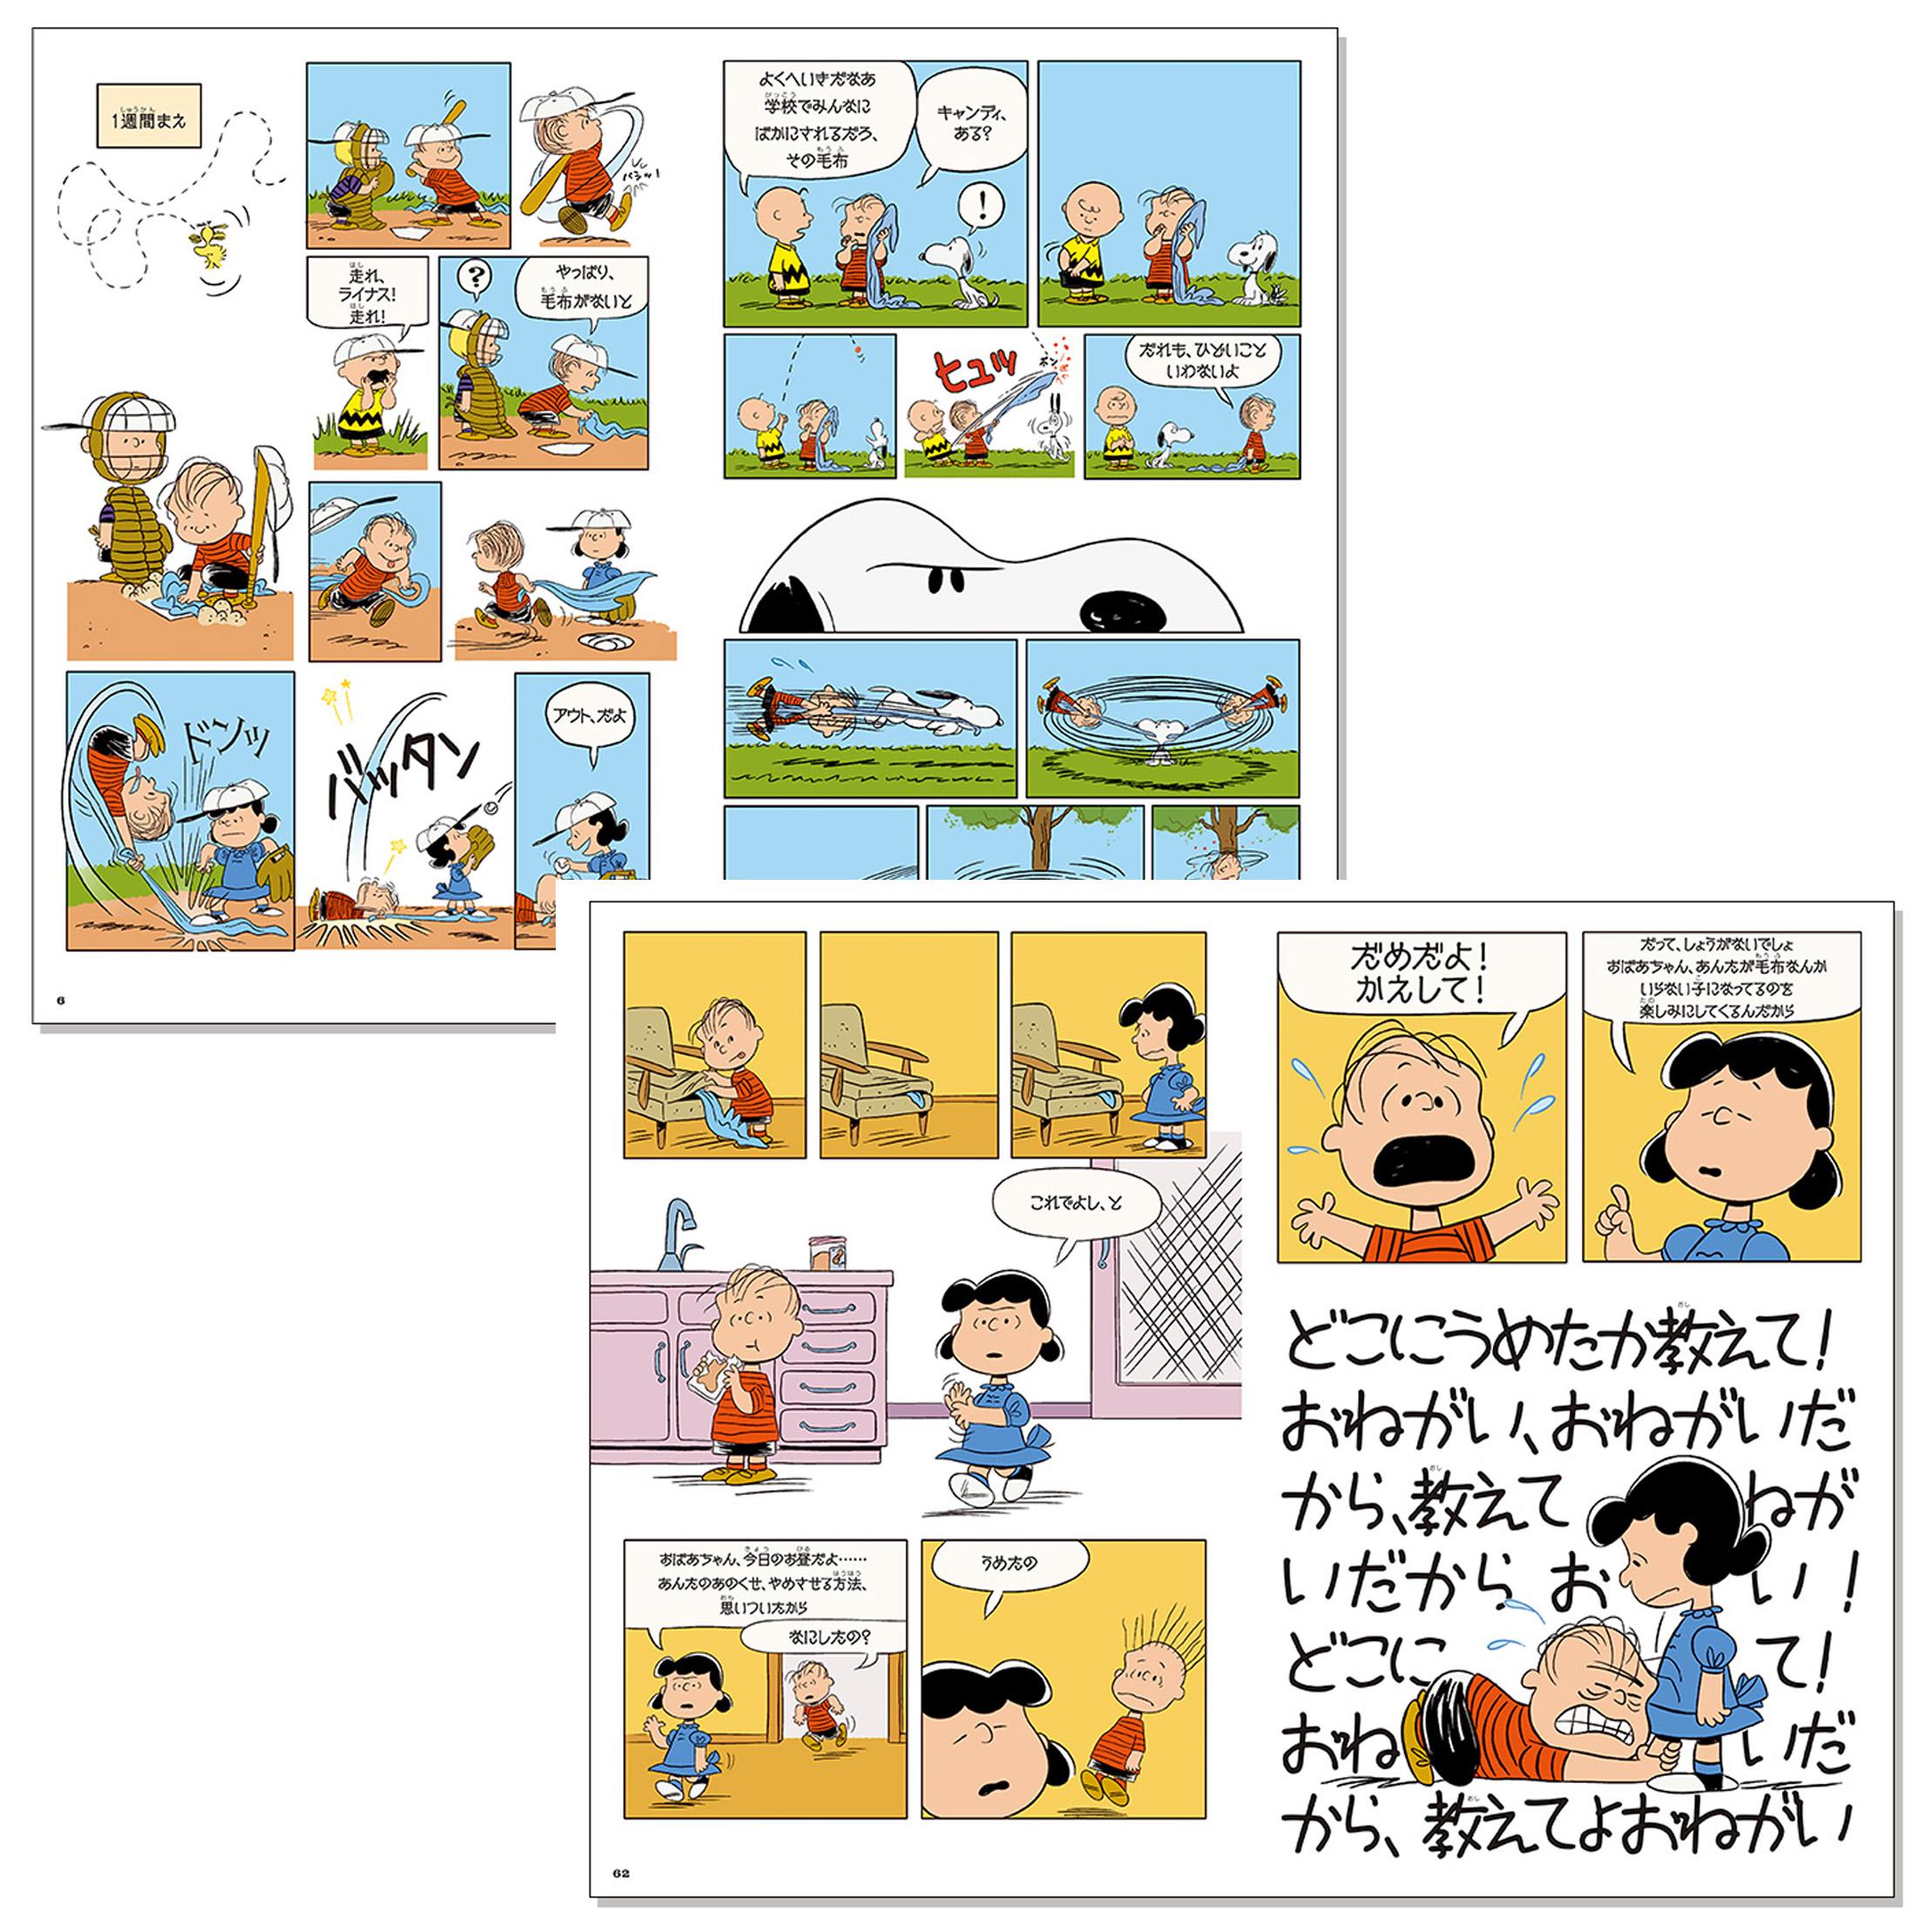 『SNOOPY 〜スヌーピーとしあわせの毛布〜』本文デザイン
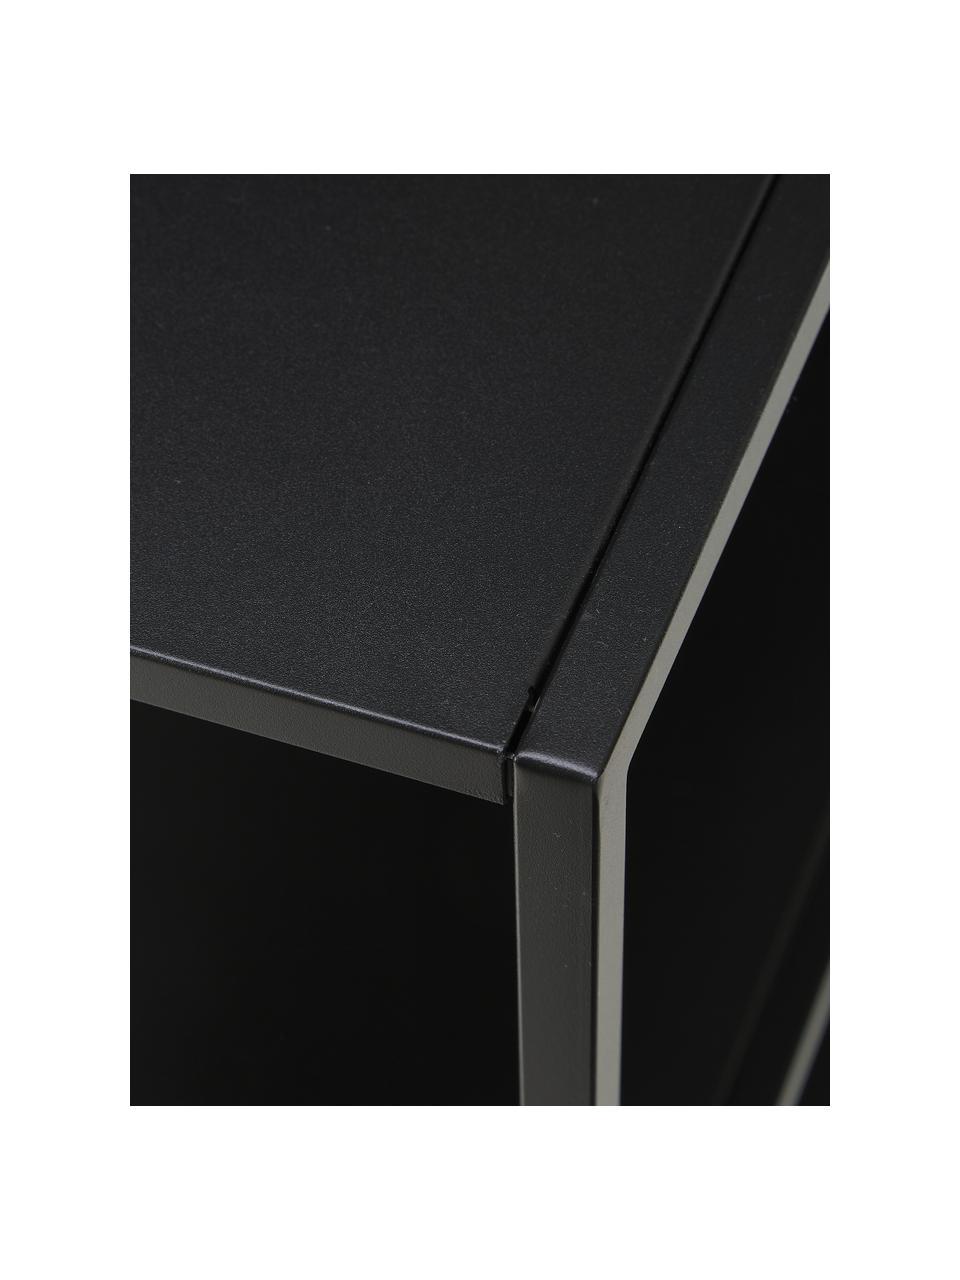 Libreria in metallo nero Neptun, Metallo rivestito, Nero, Larg. 120 x Alt. 80 cm
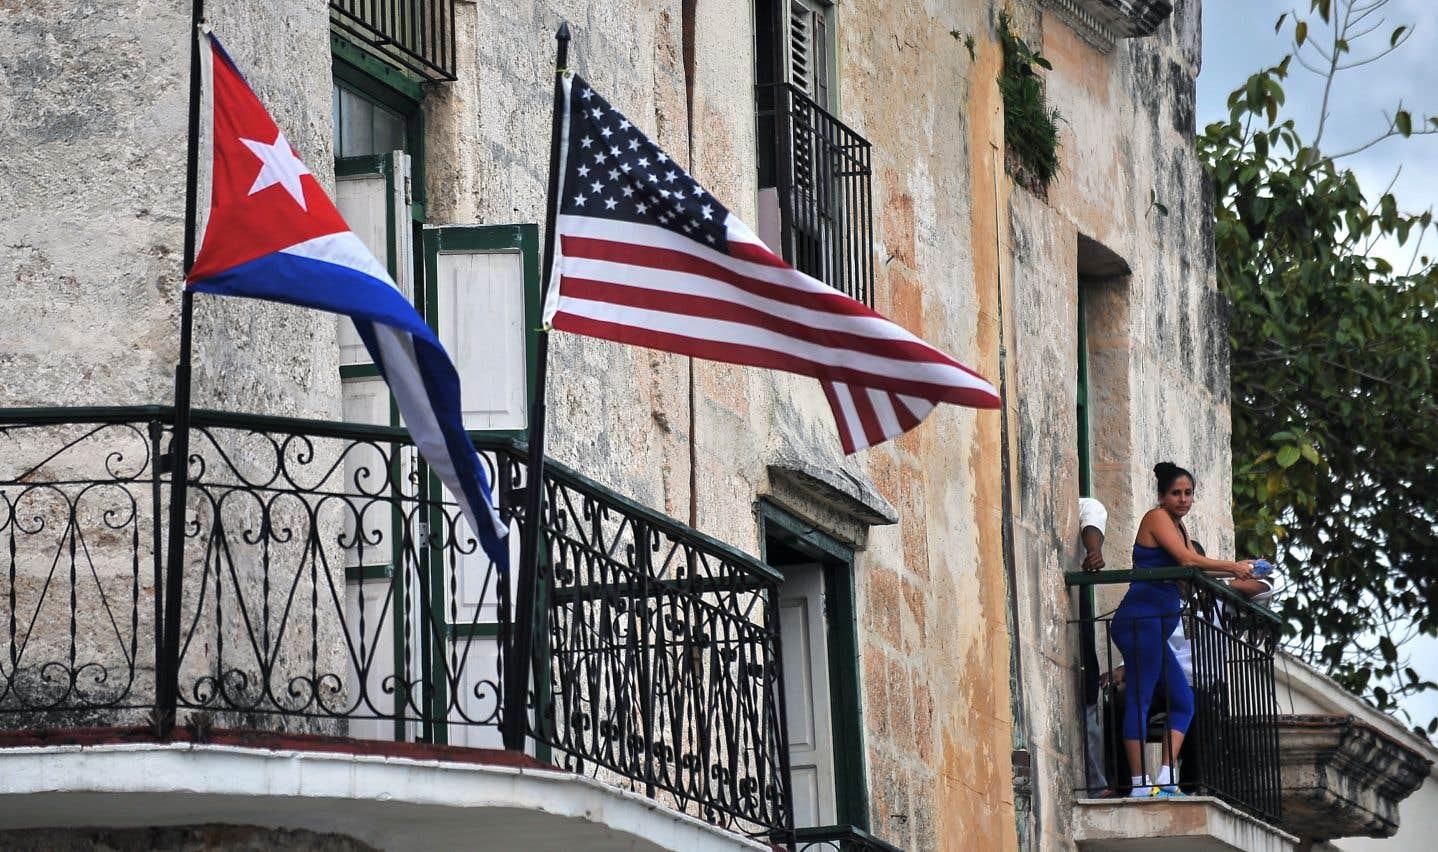 La majeure partie de la société américaine considère que les pressions des États-Unis sur Cuba ont toujours échoué et souhaite une normalisation immédiate des relations diplomatiques.

• Task requirements:
Go through the data and return every word of it verbatim, leaving out the pictures.

• Exercise answer:
 『SNOOPY 〜スヌーピーとしあわせの毛布〜』本文デザイン
 Libreria in metallo nero Neptun, Metallo rivestito, Nero, Larg. 120 x Alt. 80 cm
 La majeure partie de la société américaine considère que les pressions des États-Unis sur Cuba ont toujours échoué et souhaite une normalisation immédiate des relations diplomatiques.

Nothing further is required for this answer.